In 1520, Lachlan married Jean Gordon, daughter of Sir Alexander Gordon of Lochinver. According to the Mackintosh's own 17th century Kinrara manuscript the marriage had been brought about by the Earl of Moray for the purpose of bringing Mackintosh into his own faction and strengthening his own power in the north.

According to the 19th-century historian Alexander Mackintosh Shaw, Lachlan was peace loving but this was not in harmony with some of his clansmen. One of whom was his first cousin, Dougal Mor Mac Gillichallum. Upon the release of the 12th chief of Clan Mackintosh from prison in 1513, Dougal had recovered for the clan the lands of Petty after raiding and chasing the Ogilvies away. He had also taken Inverness Castle which he had occupied for some time, but which chief Lachlan Beg Mackintosh disapproved of as it brought Dougal into mutiny with the royal authority. Dougal and his sons Ferquhard and Donald were later killed by the Earl of Moray when he re-took Inverness Castle.

The Clan Fraser of Lovat had long been dominant in the area that is known as The Aird, so much so that possessions in it by other families were almost unknown or forgotten about.

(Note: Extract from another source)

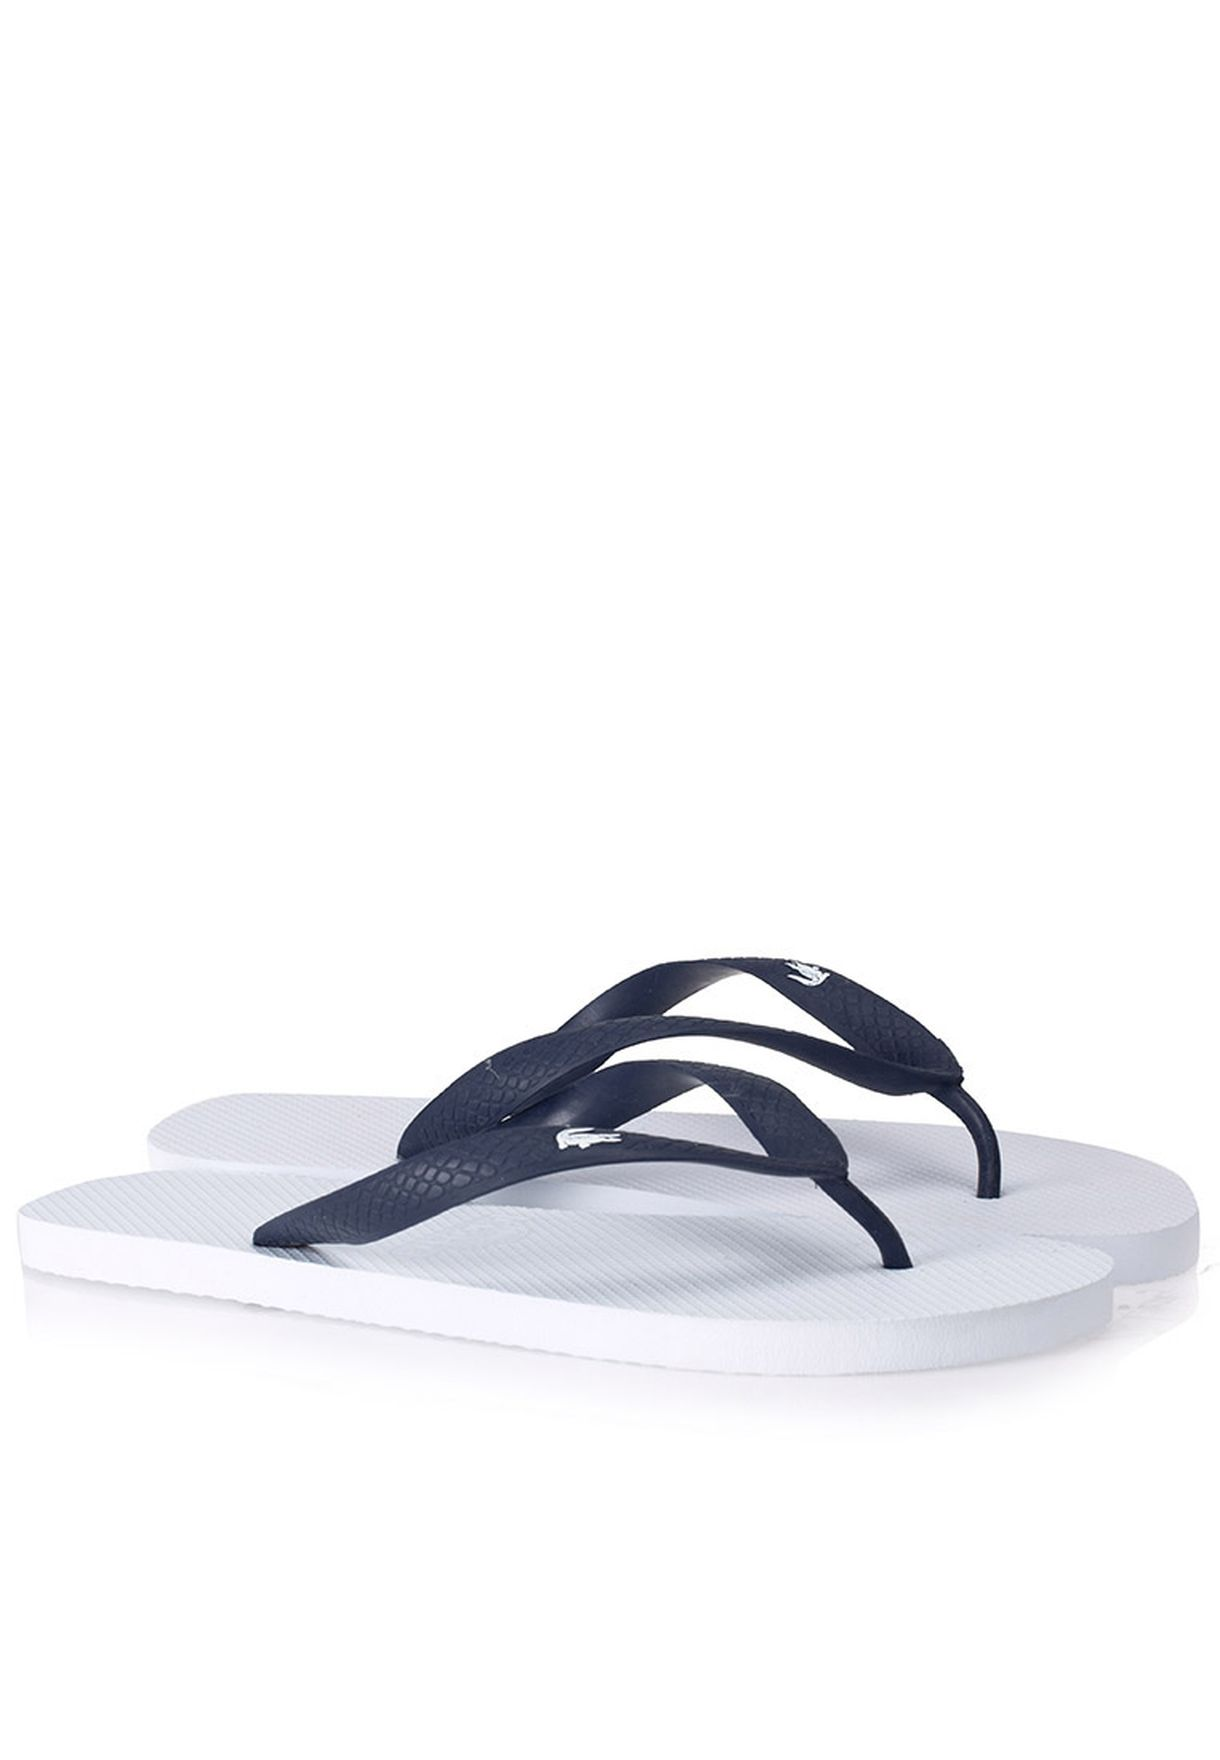 fded3032f1b3 Shop Lacoste white Barona NTE 29SPM0062-121 for Men in Bahrain -  LA014SH29LCC

However, Lachlan Mackintosh, 14th chief had by 1520 acquired a considerable estate in The Aird.

==Death==

Another Mackintosh clansmen was John Malcolmson who was the natural son of chief Lachlan's deceased elder half-brother. Lachlan appears to have been extremely kind towards him; in 1522 he gave to him the occupation of Connage in Petty and marriage to Effie Dunbar, relic of Andrew Munro of Milntown. However, on 25 March 1524, John Malcolmson, along with two Davidsons and some accomplices treacherously murdered chief Lachlan Beg Mackintosh when he was hunting at Ravoch, Badenoch. The murderers took refuge in the fort at Loch-an-Eilan (Rothiemurchus). However, there they were captured three months later by Donald Glas, natural son of Lachlan's predecessor, along with Donald MacWilliam the grandson of Alan and aided by the chief of Clan Gregor who had married a sister of the deceased Lachlan. The murderers, John Malcolmson and his two principal assistants, were tried and found guilty by the Earl of Moray. Malcolmson was beheaded and quartered and the two Davidsons were tortured and then hanged. However, other accounts of this episode make no mention of their trial by the Earl of Moray and only that they were cut to pieces upon being captured.

==Family==

Lachlan had one son with his wife Jean Gordon, William Mackintosh, 15th of Mackintosh, who upon his father's death was just three years old. William was executed in 1550 at Aberdeen by the Earl of Huntly upon the instigation of another Lachlan who was the son of John Malcolmson who had murdered William's father, Lachlan, the 14th chief. Lachalan Beg Mackintosh, 14th chief also had three natural daughters and two natural sons, John, who was ancestor of the Mackintoshes in Dunachton and William who was the ancestor of the Mackintoshes of Kinrara and Pittourie.